The example of the Greek Catholic Church of Ukraine’s merger with the Russian Orthodox Church and all further religious life processes in the country became an illustration of a typical Soviet policy toward religion as such and religious organizations of any sort. This policy combined in itself the officially declared atheism, total formal separation from religion as such, and its subsequent marginalization in the society under state-level favoritism of the Russian Orthodox Church (up to the mass repressions to other Christian clergy who refused to demonstrate their loyalty to the Orthodoxy). The very existence of the Russian Orthodox Church was considerably tolerated by Soviet authorities, albeit under certain boundaries and restrictions.

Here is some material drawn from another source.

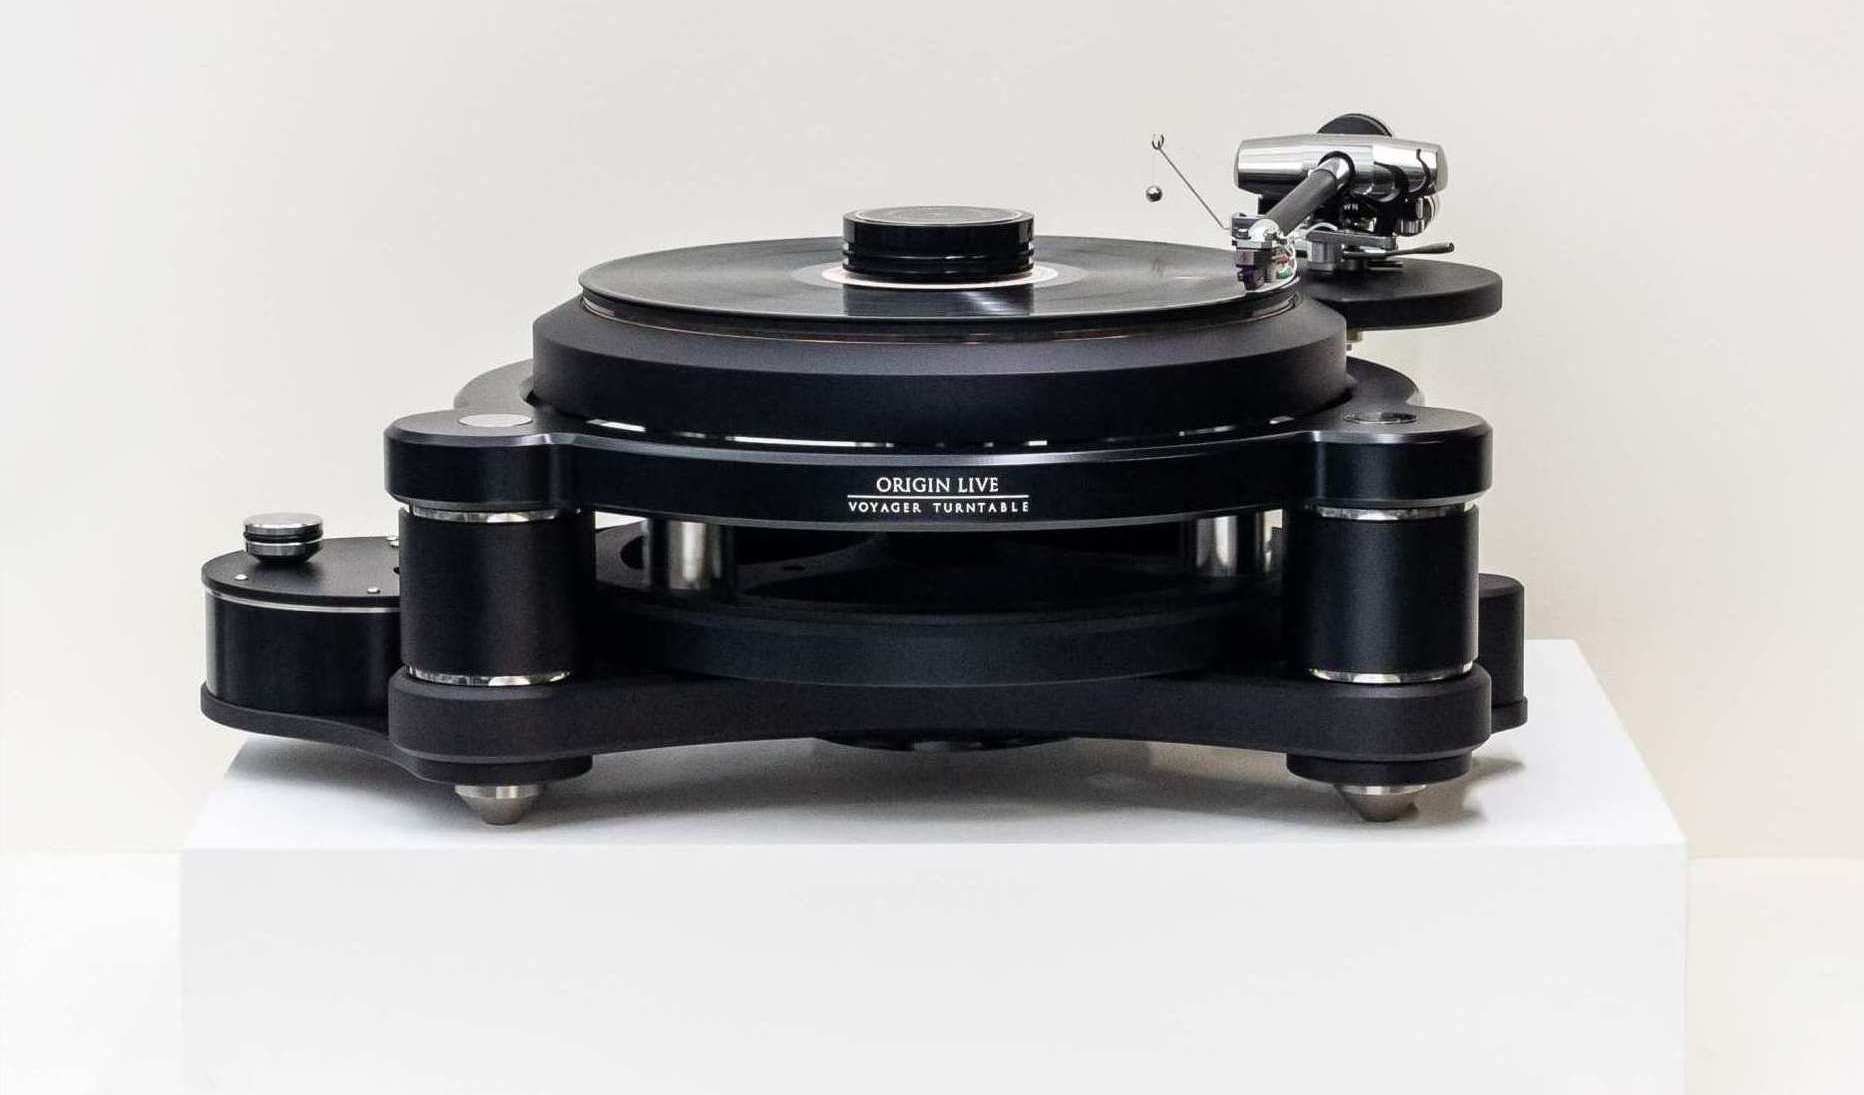 Voyager best ever Turntable made by origin live in the uk audiophile hifi ultimate record player

The second wave of forced migration from Ukraine after World War II led to the emergence of the new communities within the Ukrainian diaspora in a number of countries, and emigrant clergy of the Greek Catholic Church made a successful attempt to restore the Church outside the geographical boundaries of Ukraine (which was formalized at the Second Vatican Council that took place between 1962 and 1965). Overall, the Ukrainian Greek Catholic Church in Ukraine operated underground from 1946 to 1989, and at the same time it legally functioned abroad. This most certainly led to the formation of Euro-Atlantic orientation of both clergy and followers, and also to the concentration on the issues of external migration in the social doctrine of the Ukrainian Greek Catholic Church.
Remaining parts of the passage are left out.